Maybe some of your Jamaica friends can enlighten you on the expression, but the impact on me was astonishment. Here I was going to high school, a big deal at the time as not too many had high school education, and she was going to work in a factory in Spanish town. Yet she felt that she was somehow superior because of her race. Also that she had chosen to respond to my general complaints not directed in particular at anyone, and most especially not at her as she was also shoved along with the rest of us.

"Boxing shit out of hog's mouth" is an expression of being so poverty stricken that one is competing with hogs for shit. Go figure!

Then when I was on the beach in Jamaica maybe four years ago there was a little girl who asked me "Are you a coolie?" Instead of responding, I asked her "What are you?" she told me "I am a negah."

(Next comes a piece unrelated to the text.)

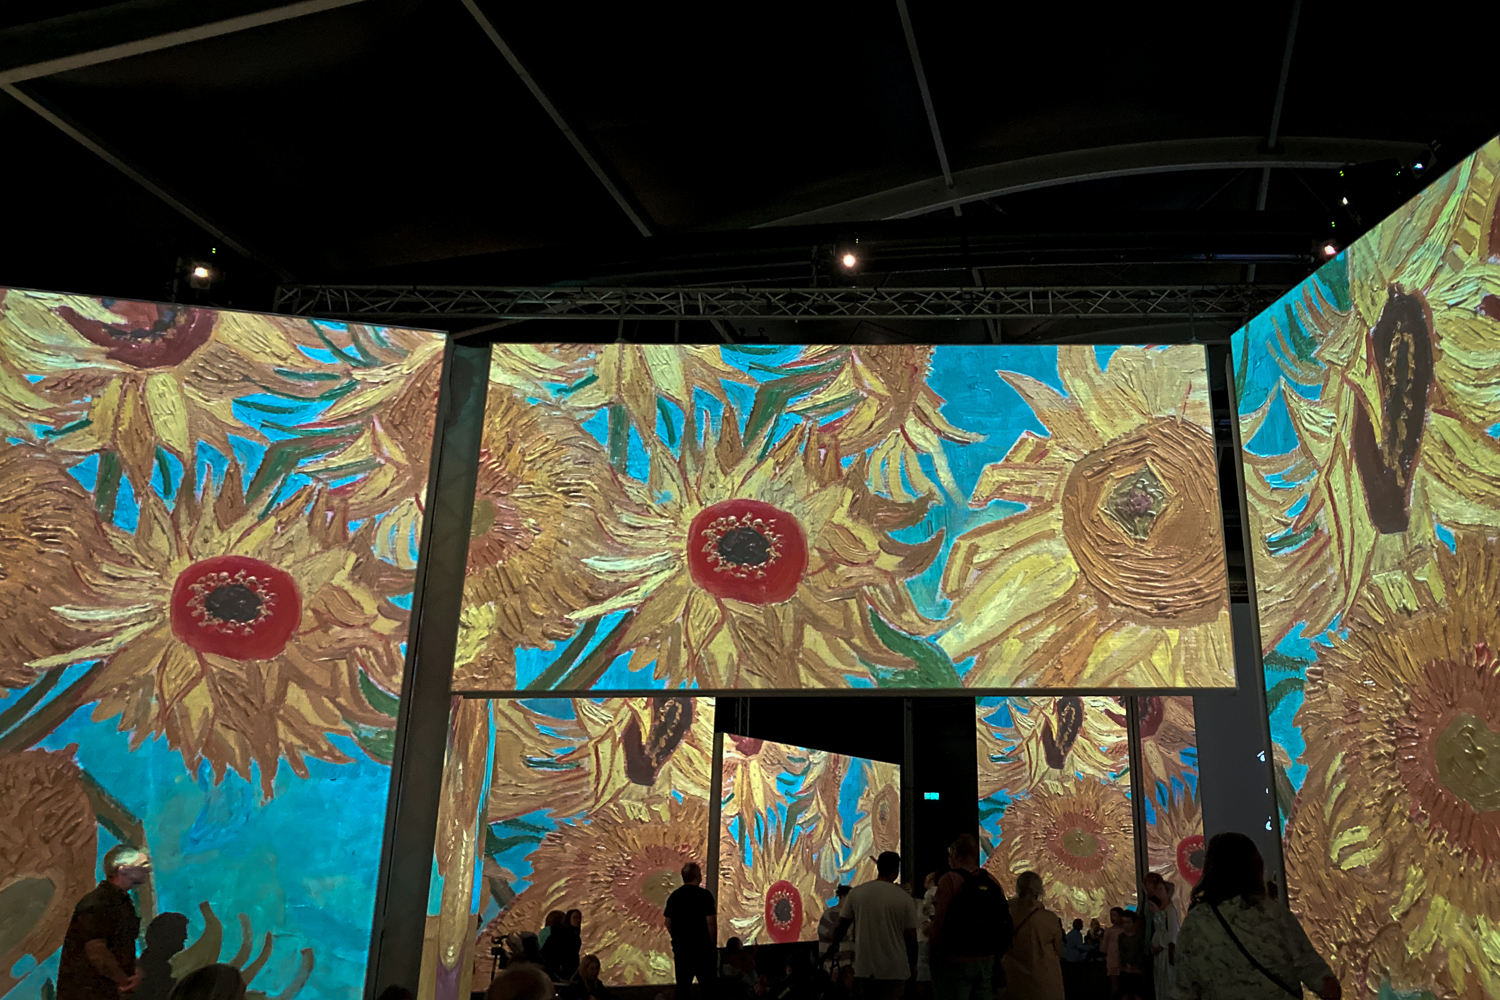 A screen depicting Van Gogh's sunflowers

See how complicated, vexed and vexing all of this is? That's why I didn’t want to write about any of this till I had plenty of time to write something considered and illuminating rather than a knee-jerk sort of response. So there you are, my take on all this is that in the haste to censor if not prosecute Raga and Newstalk 93 the important work of combating the stereotypes Indo-Jamaicans are faced with has fallen by the wayside. That to me is the pity of it all. Complicating much of this is the confusion people make between Indo-Jamaicans, the descendants of those who came here as indentured labourers and Indian nationals, creatures of quite another make-up. The latter are notoriously obsessed with skin-colour themselves and wont to look down on people of African descent. Their racism, clannishness and refusal to mix with the natives of the countries they migrate to contributes quite a bit to the ill will towards Indians in general. I come from this latter group myself so I know what I’m talking about; and with regard to Indians from India I would say its not a bad thing for them to be confronted with the same kind of racism they mete out to others. Indeed their attitude towards Jamaicans of Indian descent is extremely problematic but that has to be the subject of another blog.

One can only be grateful to Raga for having brought the subject of Jamaican stereotypes of Indians to light in this way. Neither he nor his station should be penalized for doing this. The question is what are we going to do about the stereotypes?